The straight line, also known as the calculated regression line, represents the correlation between the dependent and independent variables. It shows the unexplained variation through dots that are not on the line. The proximity of the dots to the line indicates the strength of the relationship between variables. Regression analysis enables HR to forecast future outcomes using present data. Effectiveness in hiring and promotion assessments can be used as an indicator of the ability to meet staffing needs efficiently. When data points are near or within the accepted range, there is a direct correlation between hiring and promotion assessments and effective staffing.
However, if there is a high level of variation, it would indicate that there is no correlation between assessments and effective staffing. Regression analysis can also be utilized to measure how effective training is based on performance evaluation scores. Effective training should result in an increase in performance evaluation scores and this would be reflected by minimal variance from the regression line. Another statistical method that can be used is Cross Tabulation or Contingency Table, which allows simultaneous analysis of two or more categorized variables. The chi-squared test is employed to determine the relationship between variables (Hopkins, 2000, para.
2). According to Ghauri & Gronhaug (2005, p. 167), the
cross-tabulation displays the dependent variable categories in the rows and the independent variable categories in the columns. It is important to include the frequencies in the cross-tabulation and also include the total sample size for reliability and additional statistical testing purposes.
Comparing the number of employees who undergo a promotion assessment to the actual number of promotions per position provides valuable information about the effectiveness of the assessment, training, and staffing levels. If there is a significant difference between the percentage of promoted employees and those who took the assessment, further investigation is needed to determine why. Frequency distributions present data for groups in tables or histograms, summarizing their distribution patterns and offering insights into specific ranges or categories (McIntire & Miller, 2007, p. 140).
2). The method outlined in this paragraph can be used to analyze the pattern (i.e. number and percentage) of employees who scored within certain test score ranges. This method is efficient in summarizing distribution values, which helps identify possible training and assessment issues. By doing so, timely and proactive solutions can be implemented instead of reactive and potentially inappropriate adjustments. In conclusion, evaluating the effectiveness of current staffing, training, and HR assessments is crucial for both individual and organizational success.

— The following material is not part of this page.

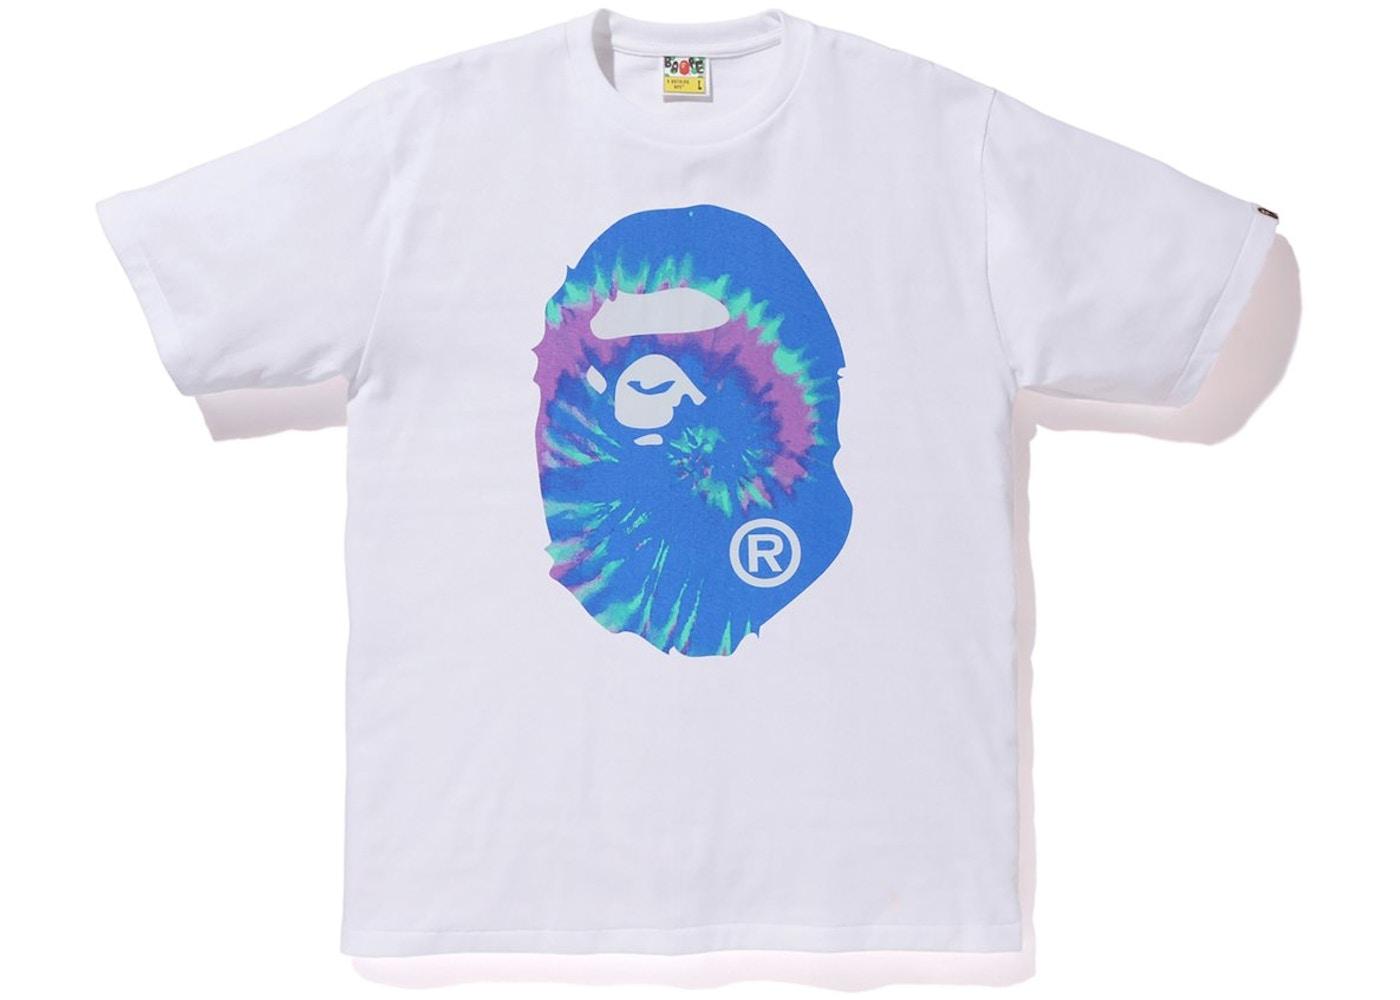 Bape Pigment Tie Dye Big Ape Head Tee White/Blue by Stock X

The text focuses on the data and statistical techniques utilized for testing in the case of Ayles Networks. The mentioned techniques include t-test, ANOVA, regression analysis, cross-tabulation, and frequency distribution. Various statistical models can be employed for research purposes, each yielding different results; hence it is crucial to choose the appropriate model. Moreover, comprehending how to analyze and interpret the outcomes plays a vital role in evaluating program effectiveness and making organizational
decisions.
References
- Ghauri, P., & Gronhaug, K. (2005).
- Research methods in business studies: A practical guide (3rd ed). New Jersey: Prentice-Hall.

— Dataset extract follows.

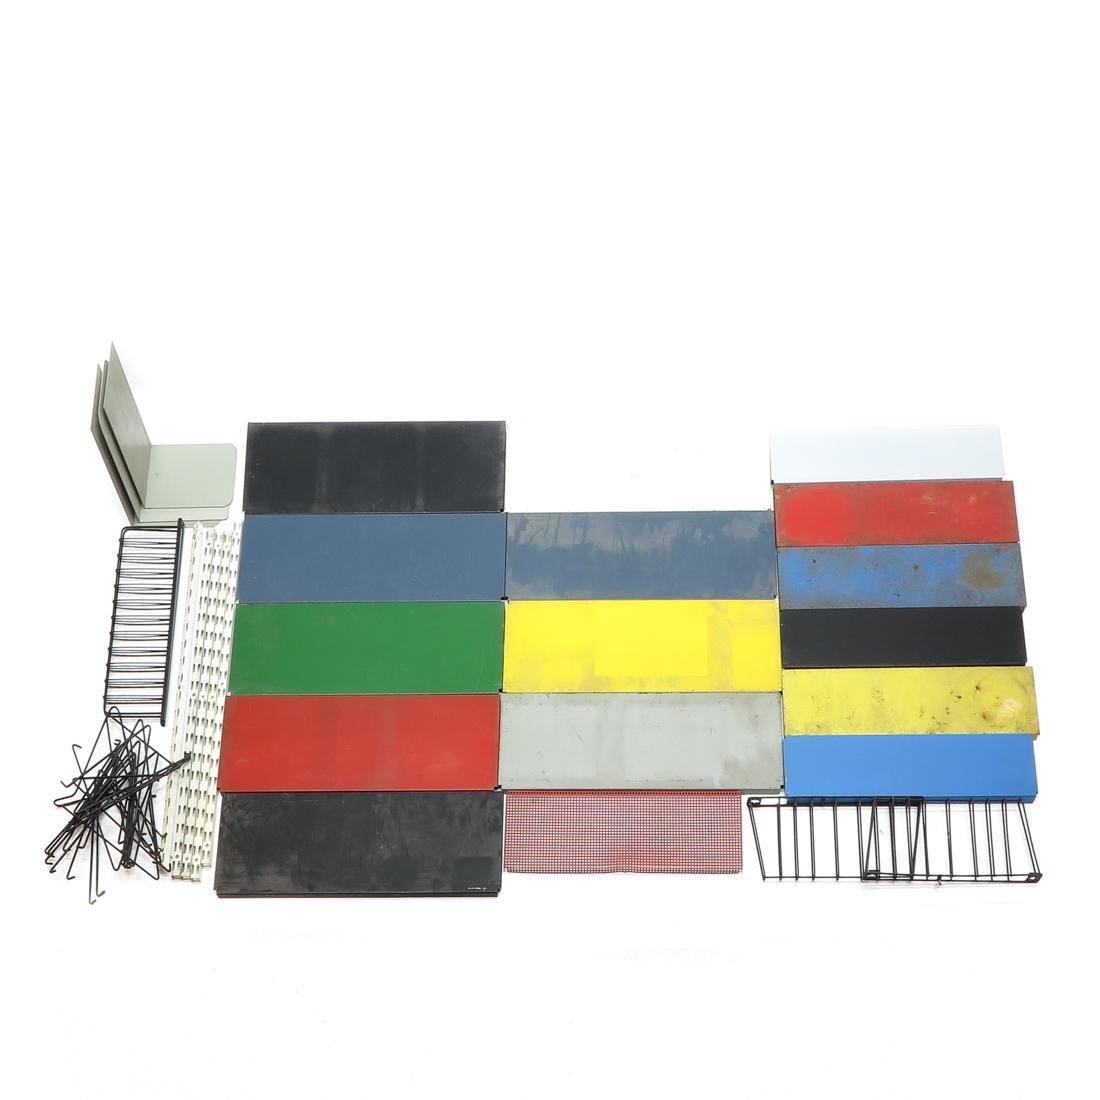 Retro Metal Shelving System

- Hopkins W.G. (2000). A new view of statistics.
Retrieved from http://www.sportsci.org/resource/stats/ttest.html
McIntire, S. A.
, & Miller, L. A. (2007). Foundations of psychological testing: A practical approach (2nd ed.). London: Sage StatSoft, Inc.
The Electronic statistics textbook was published in 2011 and is located in Tulsa, OK. It can be accessed at http://www. statsoft.
com/textbook/ University of Phoenix (2011) Week Six syllabus. Retrieved from University of Phoenix HRM/558—Research in Human Resource Management course website.